From a photograph by W. Kurtz

SAMUEL J. TILDEN, GOVERNOR OF NEW YORK, 1875–76

From a photograph owned by F. H. Meserve

SENATOR ZACHARIAH CHANDLER

Chairman of the Republican National Committee
in the Hayes-Tilden campaign.

Reconstruction was breaking down of its very weight and rottenness. The panic of 1873 reacted against the party in power. Dissatisfaction with Grant, which had not sufficed two years before to displace him, was growing apace. Favoritism bred corruption, and corruption grew more and more defiant. Succeeding, scandals cast their shadows before. Chickens of “carpet-baggery” let loose upon the South were coming home to roost at the North. There appeared everywhere a noticeable subsidence of the sectional spirit and a rising tide of the national spirit. Reform was needed alike in the State governments and the National government, and the cry for reform proved something other than an idle word. All things made for Democracy.

Yet there were many and serious handicaps. The light and leading of the historic Democratic party which had issued from the South were in obscurity and abeyance, while most of those surviving who had been distinguished in the party conduct and counsels were disabled by act of Congress. Of the few prominent Democrats left at the North, many were tainted by what was called Copperheadism (sympathy with the Confederacy).

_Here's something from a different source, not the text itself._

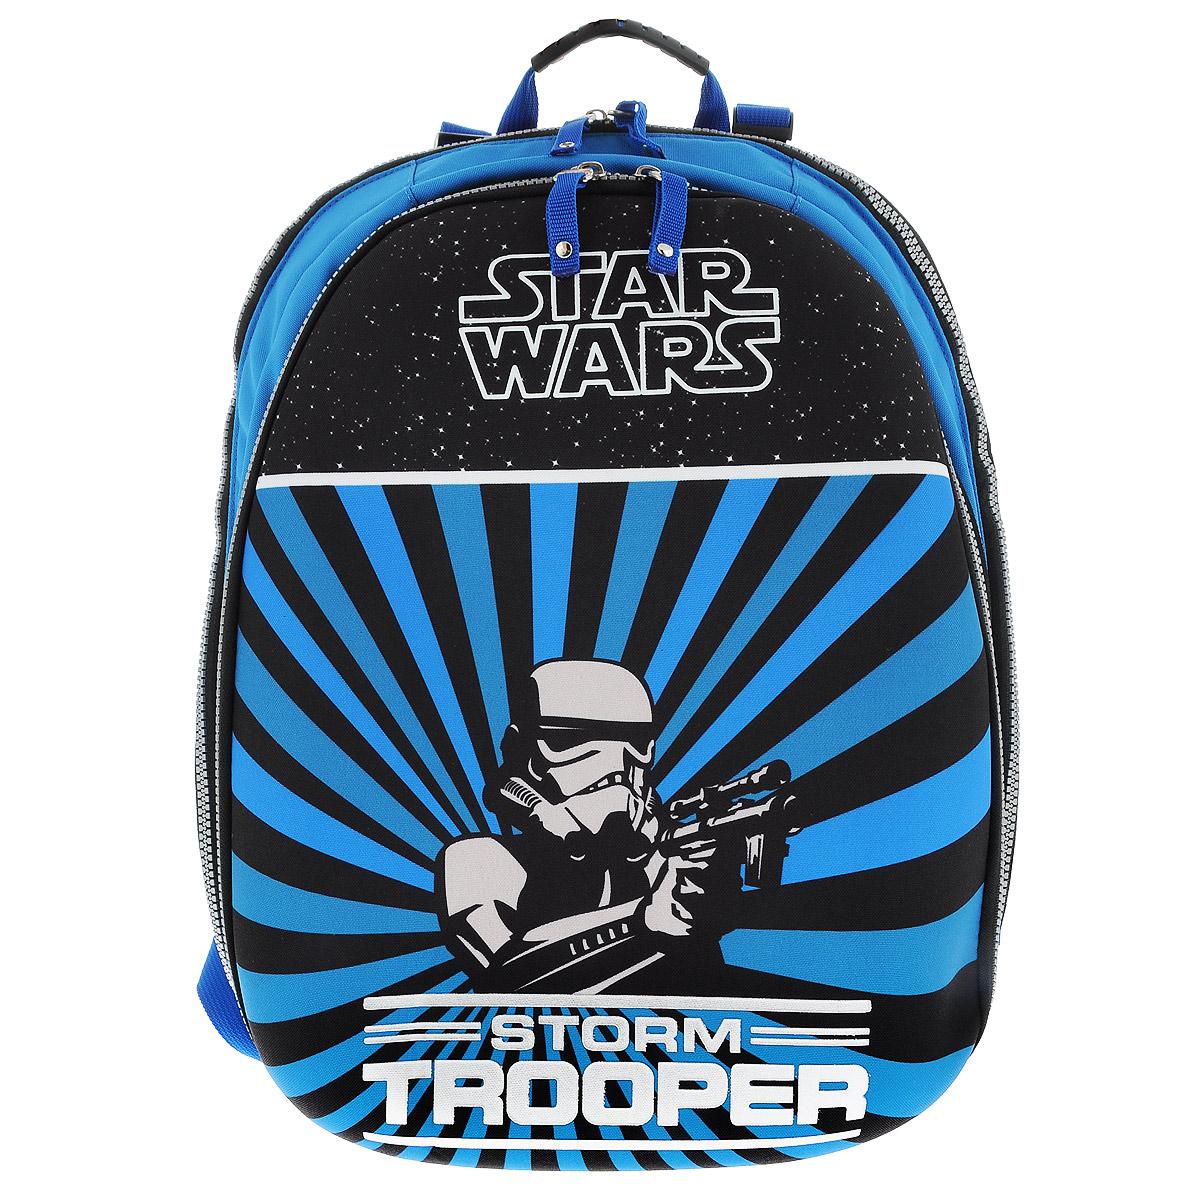 Рюкзак Star Wars  Storm Trooper , цвет: синий, черный. 37474_Storm Trooper -  Ранцы и рюкзаки

To find a chieftain wholly free from this contamination, Democracy, having failed of success in presidential campaigns not only with Greeley but with McClellan and Seymour, was turning to such disaffected Republicans as Chase, Field, and Davis of the Supreme Court. At last Heaven seemed to smile from the clouds upon the disordered ranks and to summon thence a man meeting the requirements of the time. This was Samuel Jones Tilden.